Cirrhitichthys is a genus of marine ray-finned fish, hawkfishes, from the family Cirrhitidae. They are found on tropical reefs in the Indian and western Pacific oceans. Some species can be found in the aquarium trade.

==Taxonomy==
Cirrhitichthys was first formally described in 1857 by the Dutch ichthyologist Pieter Bleeker. The type species designated by Bleeker was Cirrhites graphidopterus which had been described by him in 1853, although this taxon has subsequently been considered a synonym of Cirrhites aprinus which Georges Cuvier had described in 1829. The name of this genus is a compound of Cirrhitus, referring to the similarity between the two genera, although there are differences in dentition, and ichthys meaning “fish”.

==Species==
The currently recognized species in this genus are:
- Cirrhitichthys aprinus (G. Cuvier, 1829) (spotted hawkfish)
- Cirrhitichthys aureus (Temminck & Schlegel, 1842) (yellow hawkfish)
- Cirrhitichthys bleekeri F. Day, 1874
- Cirrhitichthys calliurus Regan, 1905 (spottedtail hawkfish)
- Cirrhitichthys falco J. E. Randall, 1963 (dwarf hawkfish)
- Cirrhitichthys guichenoti (Sauvage, 1880)
- Cirrhitichthys oxycephalus (Bleeker, 1855) (coral hawkfish)
- Cirrhitichthys randalli Kotthaus, 1976

==Characteristics==
Cirrhitichthys hawkfishes have an oval, moderately compressed body with a sharp, more or less straight-profiled snout. The anterior nostril has a tuft of cirri on its posterior margin. The mouth is moderately large with a row of small canine-like teeth on the jaws and a band of simple teeth within the outer band. There are patches of teeth on the middle and sides of the roof of the mouth. The margin of the preoperculum has quite large serrations and the gill cover has 2 flattened spines. The dorsal fin is continuous, with 10 spines and 11-12 soft rays, there is a slight incision between the spines and the soft rays. The membranes between the dorsal fin spines deeply notched and each spine has a sizeable tuft of cirri at its tip. The anal fin has 3 spines and 5-7 soft rays. The caudal fin is truncate. The lower 5-7 pectoral fin rays are robust with deep incisions in the membranes between them and they are notably longer than the other rays. The upper 1-2 and lower 6-7 pectoral fin rays are simple. The pelvic fin has a single spine and 5 soft rays and has its origin to the rear of the base of the pectoral fin. Their total length varies from 7 cm in the dwarf hawkfish (C.s falco) and 14 cm in the yellow hawkfish (C. aureus).

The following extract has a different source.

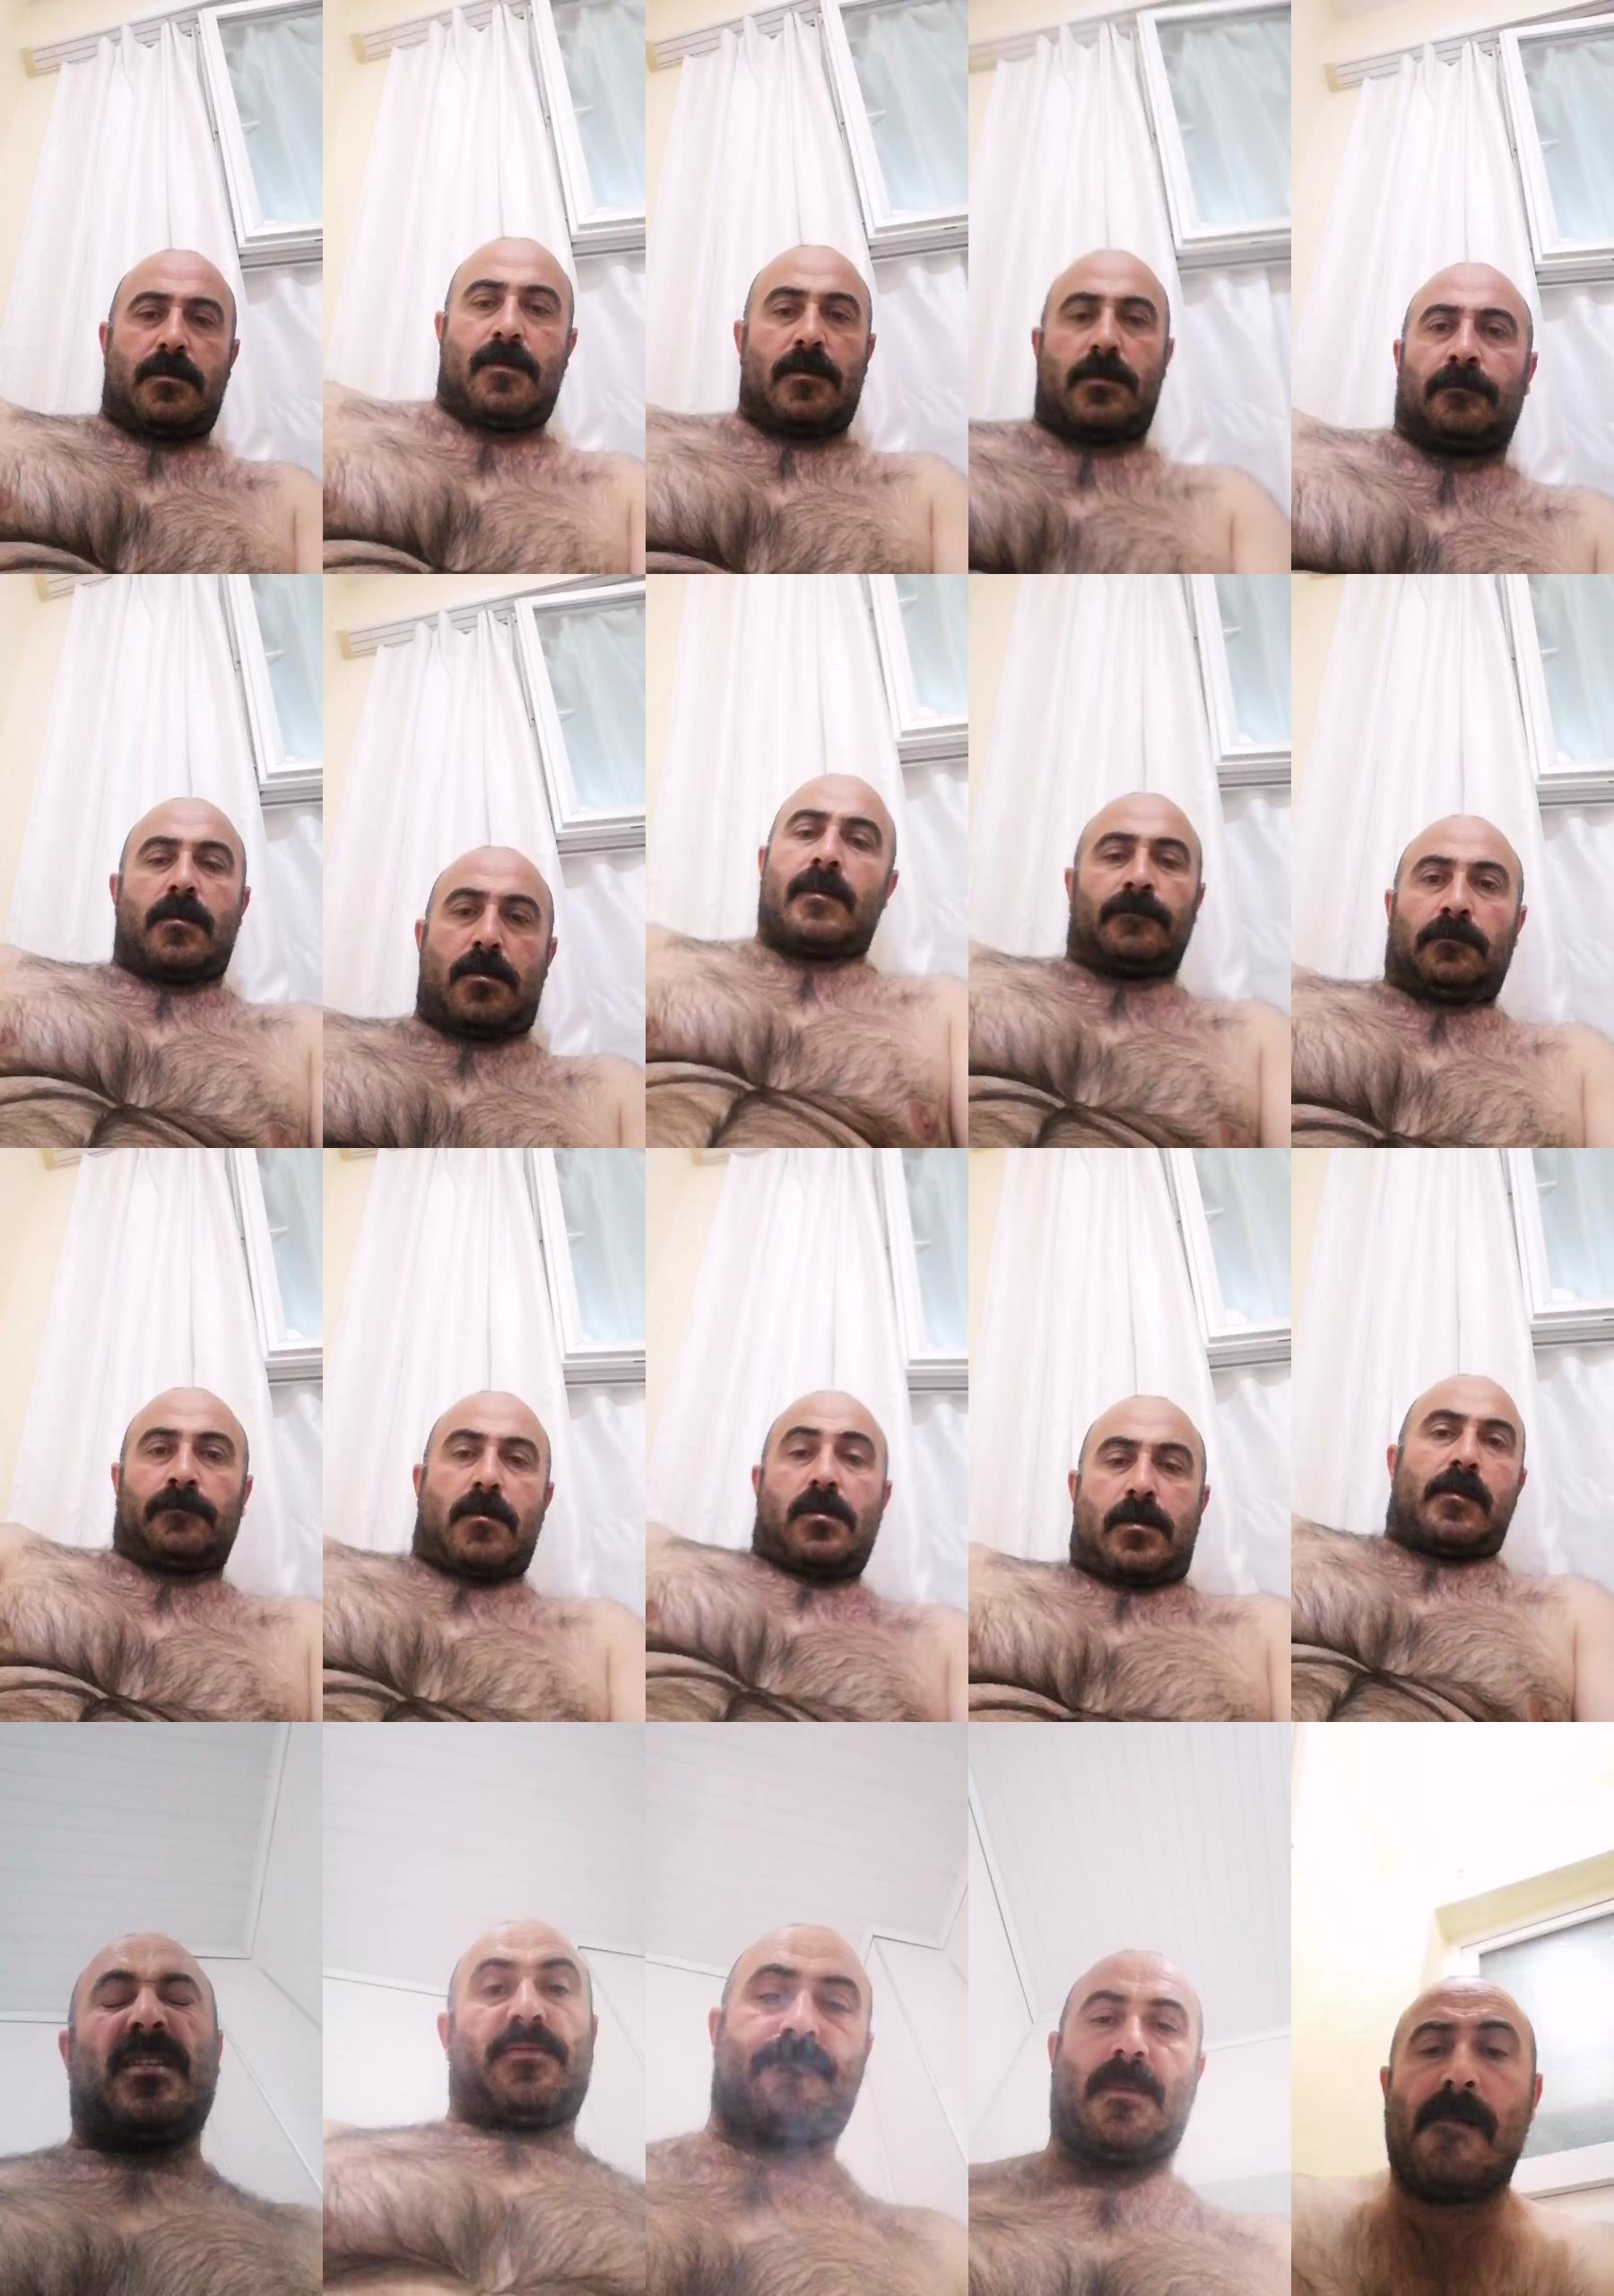 Hayriyolcu Cam4 28-07-2021 Recorded Video XXX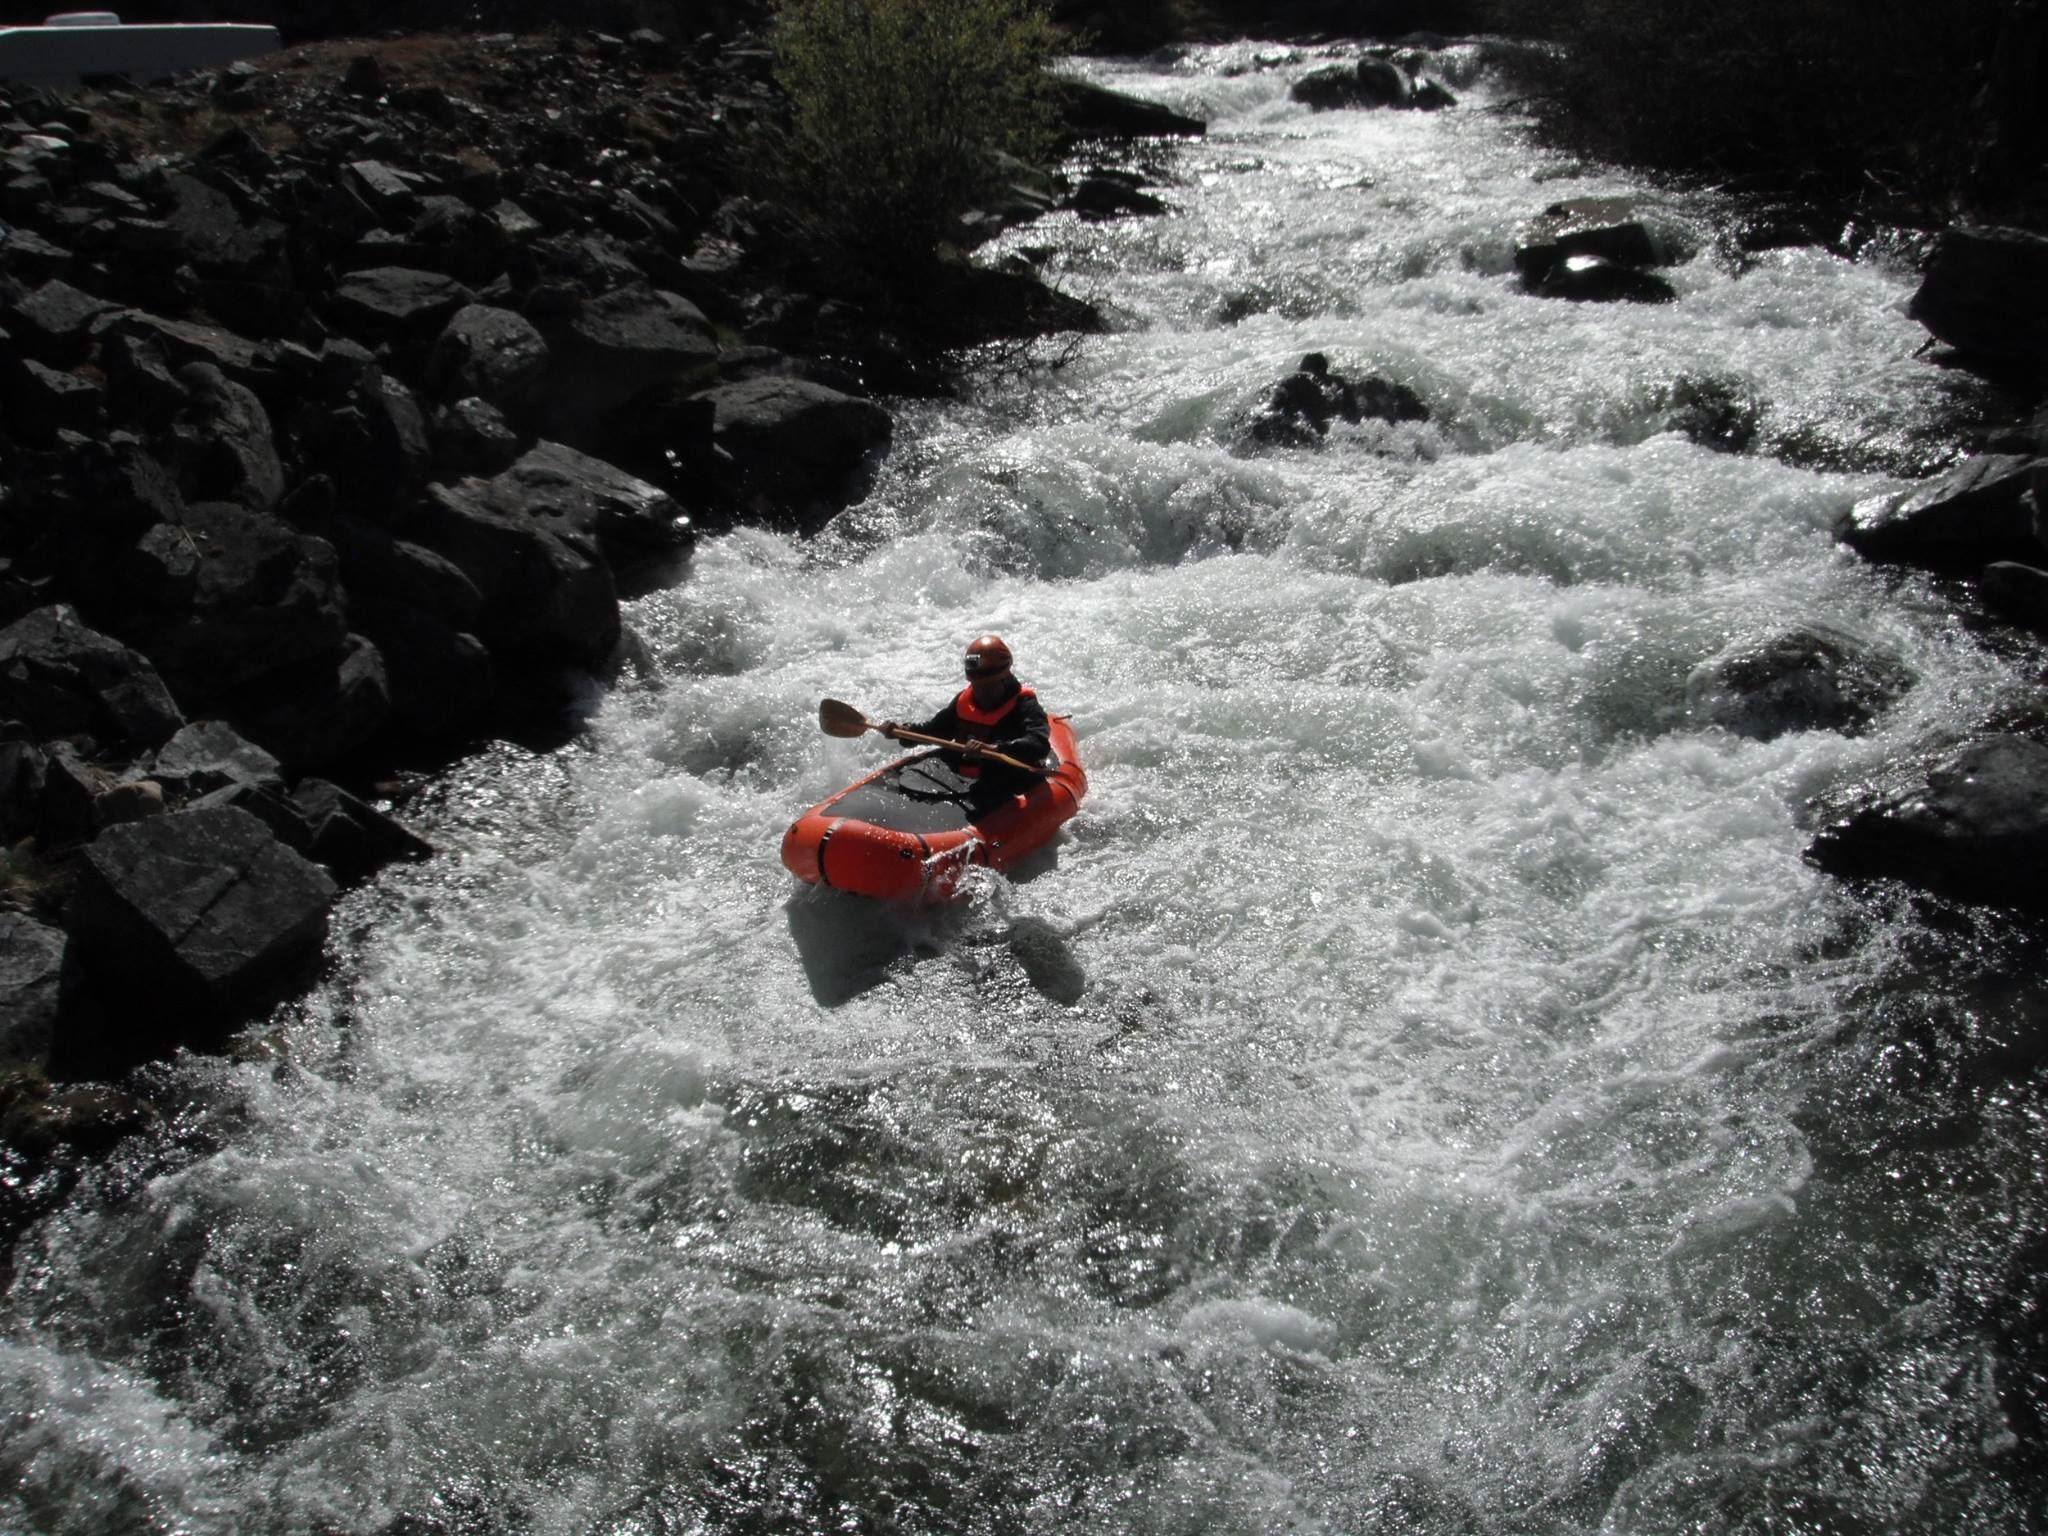 Solo-rafting i packraft

==Distribution and habitat==
Cirrhitichthys hawkfishes are mainly found in the Indo-West Pacific with one species, the coral hawkfish (C. oxycephalus) extending into the eastern Pacific. These fishes are associated with coral and rocky habitats.

==Biology==
Cirrhitichthys hawkfishes are predatory, using the "sit and wait" technique to ambush benthic prey which can be invertebrates or fish, perching on their thickened lower pectoral fin rays among sponges and corals. They are protogynous hermaphrodites, all start out as female and live in harems, if the male is lost the largest and more dominant female will change sex. They are pelagic spawners rising upwards into the water column in pairs to spawn.

==Utilisation==
Cirrhitichthys hawkfishes are collected for the aquarium trade.